Раз увидев, невозможно было его забыть. Все в нем было необычно — манера говорить вполголоса, странно переиначенные словечки, острые замысловатые шутки, порою ставившие в тупик. Его ненависть к рутинерству, школярству, к «немецкой музыкальной партии» доходила до предела. Как и Балакирева, его сильно коснулась мутноватая волна вражды к полякам (она оставила след в польских сценах «Бориса Годунова»), А рядом жили в нем глубокое сочувствие к обездоленным и любовь к «могучему и бессильному» русскому народу. Доверчивый, мучительно обидчивый, самоуверенный, робкий, это был подлинный самородок, весь из золота и кварца, металла и глины, весь из острых углов, твердый и хрупкий. Беречь его хрупкость было некому, да и никто, кажется, не понимал, что надо беречь. Близость со Стасовым пришла позже, но и тогда осталась скорее творческим и горячим содружеством, чем дружбой равных. Пока же Мусорянина, как он сам себя называл, считали в кружке, с легкой руки Балакирева, необыкновенно талантливым недотепой, относились к нему, что касается старших, доброжелательно, но несколько свысока.

Одним из таких старших в кружке был или считался офицер инженерных войск, талантливый, но неглубокий композитор, насмешливый, любезный и слегка себе на уме Цезарь Антонович Кюи.
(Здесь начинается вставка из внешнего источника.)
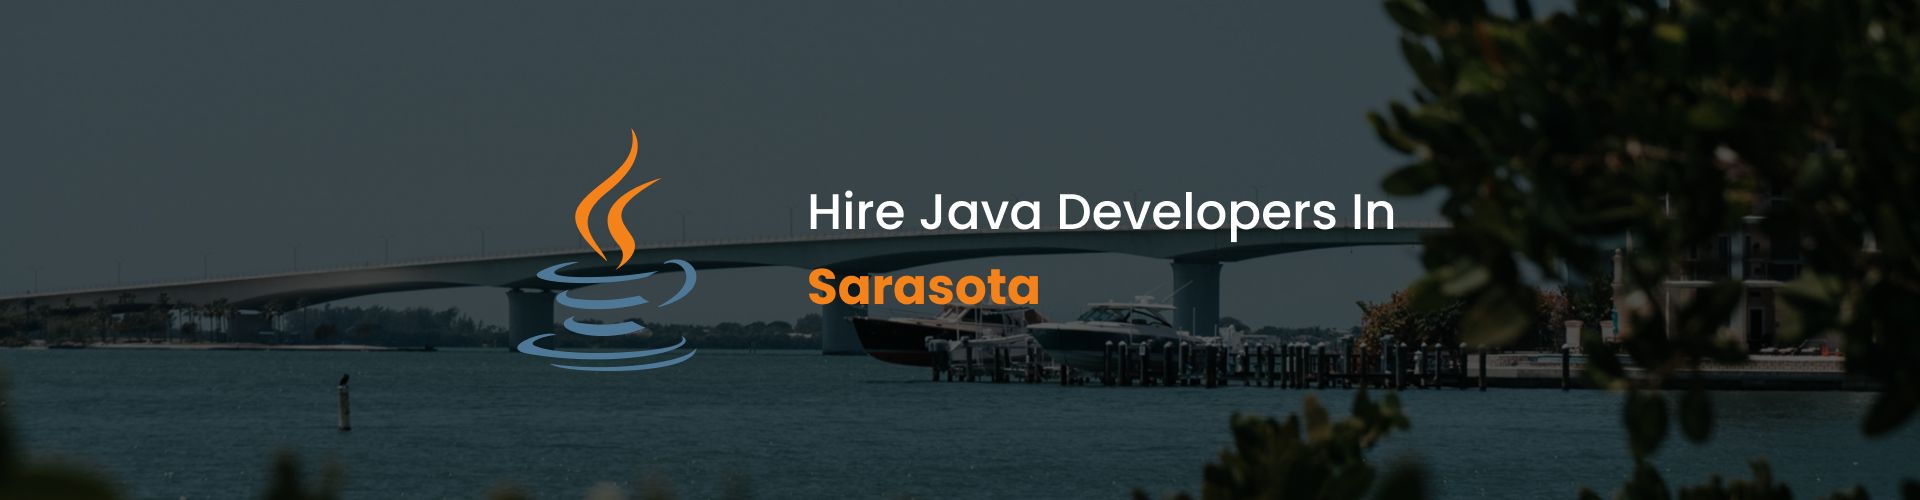 hire java developers in sarasota
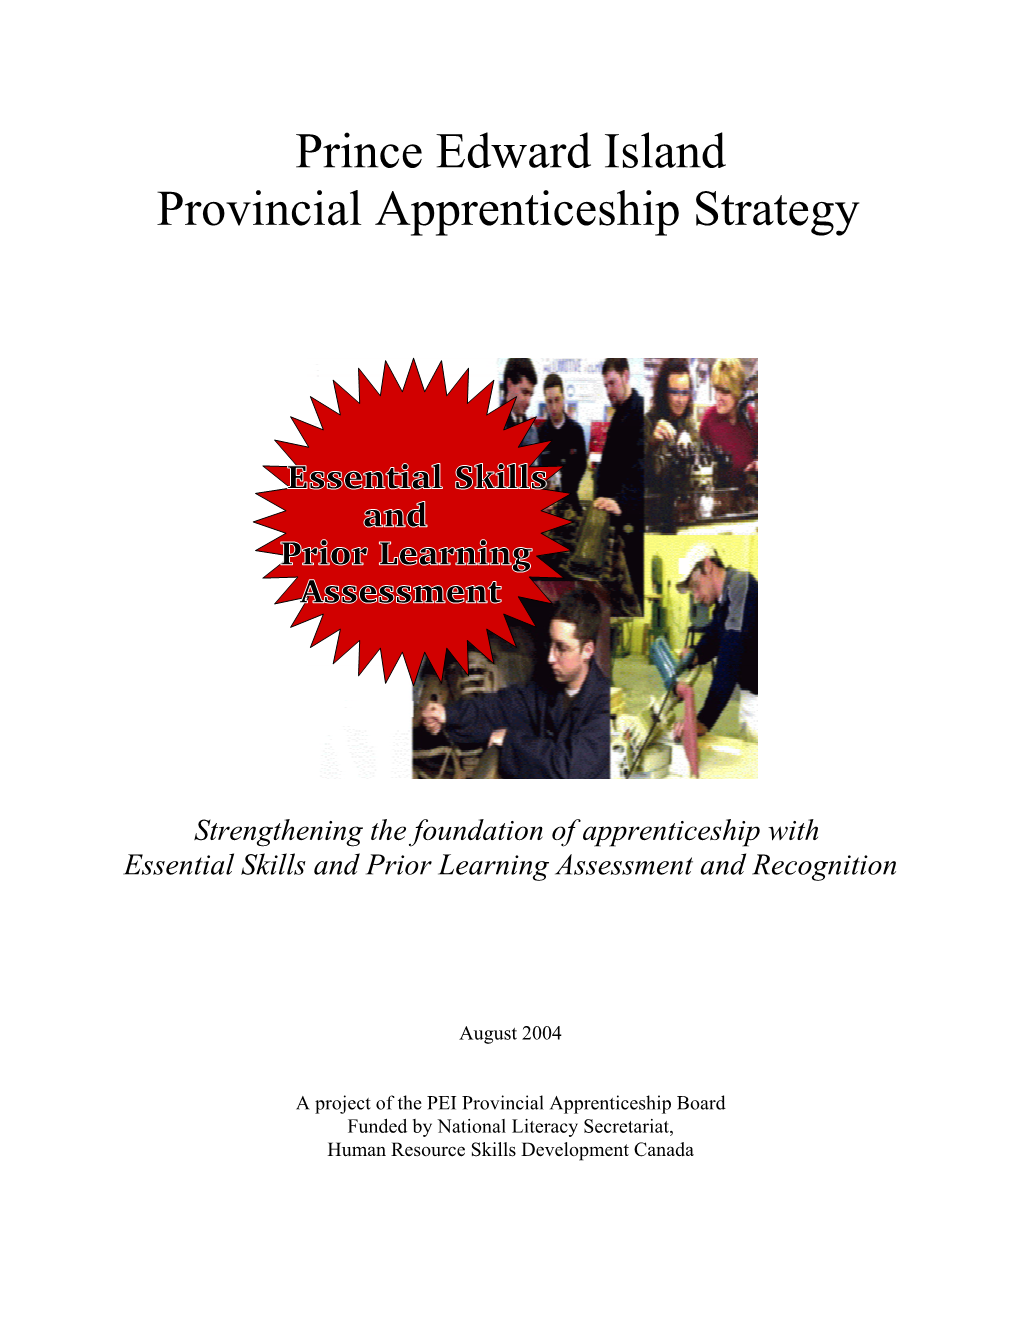 Prince Edward Island Provincial Apprenticeship Strategy

Бойкий, язвительный полемист, зоркий, хотя не всегда дельный критик, он стал начиная с 1864 года признанным глашатаем идей и оценок, созревавших в балакиревском кружке и благодаря Кюи получивших выход на страницы газеты «Санкт-Петербургские ведомости». Отчасти в силу его личных особенностей кружок быстро встал в резко враждебные отношения к большинству русских музыкальных деятелей. Особенной пользы это обособление никому не принесло. Самому же Кюи выпало на долю пережить и почетную роль глашатая, и свою известность, и всех без исключения членов кружка: он умер в марте 1918 года.

Другим, и на этот раз безоговорочно старшим, был Балакирев. Прирожденный вождь и воитель, он увлек за собой на новые пути национального искусства весь кружок. Первостатейный композитор, отмеченный и как бы благословленный на подвиг самим Глинкой, деятельный дирижер, пианист, организатор. Балакирев в те годы являлся единственным музыкантом-профессионалом среди своих друзей, еще не сбросивших скорлупку любительства. Его страстная убежденность и непоколебимая уверенность безотчетно передавались окружающим и создавали совершенно особую, магнетическую атмосферу доверия и подчинения. «Он поражал смелостью своих независимых суждений и образа действий и очарованием своей необыкновенной личности… Он был беспощаден и иногда очень резок в спорах, не допуская пи в чем никаких компромиссов, но это не мешало его необыкновенной доброте сердца проявляться везде, где к тому представлялся случай», — писал его любимый ученик и друг С. М. Ляпунов. Добавим все же, что, как у многих горячих и крутых людей, доброта Милия Алексеевича уживалась со злобой, убежденность в своей правоте — с неумением уважать чужое мнение и чужую личность. Он был пристрастен. И Корсакову привелось полной чашей испить сперва сладость, потом горечь этого пристрастия. «Если Балакирев любил меня, как сына и ученика, то я был просто влюблен в него, — вспоминал Римский-Корсаков. — Талант его в моих глазах превосходил всякую границу возможного, а каждое его слово и суждение были для меня безусловной истиной». Множество музыкальных пристрастий и навыков, художественных притяжений и отталкиваний, вплоть до излюбленных гармонических ходов и отдельных приемов оркестровки, пришло к ученику от учителя, вплелось в ткань музыки Корсакова, стало ее неотделимой частью, как перешедшие от отца к сыну цвет глаз, привычный жест, привычное присловье.

Балакирев, Бородин, Кюи, Мусоргский. Римский-Корсаков был последним в алфавитном порядке и младшим по возрасту. Их было пять. «Пятеркой» их и стали называть во Франции и Германии, когда они получили там известность. Кюи предпочитал тактически удобное, гибкое наименование — Новая русская школа. Но подлинным именем композиторов балакиревского кружка стало почетное — «Могучая кучка». Так сказал о них в 1867 году Стасов, верный друг, вдохновитель и защитник в газетной перепалке. Крылатое слово подхватил А. Н. Серов, превратил его в издевку, в ироническую кличку, но ирония отпала, а кличка обернулась именем.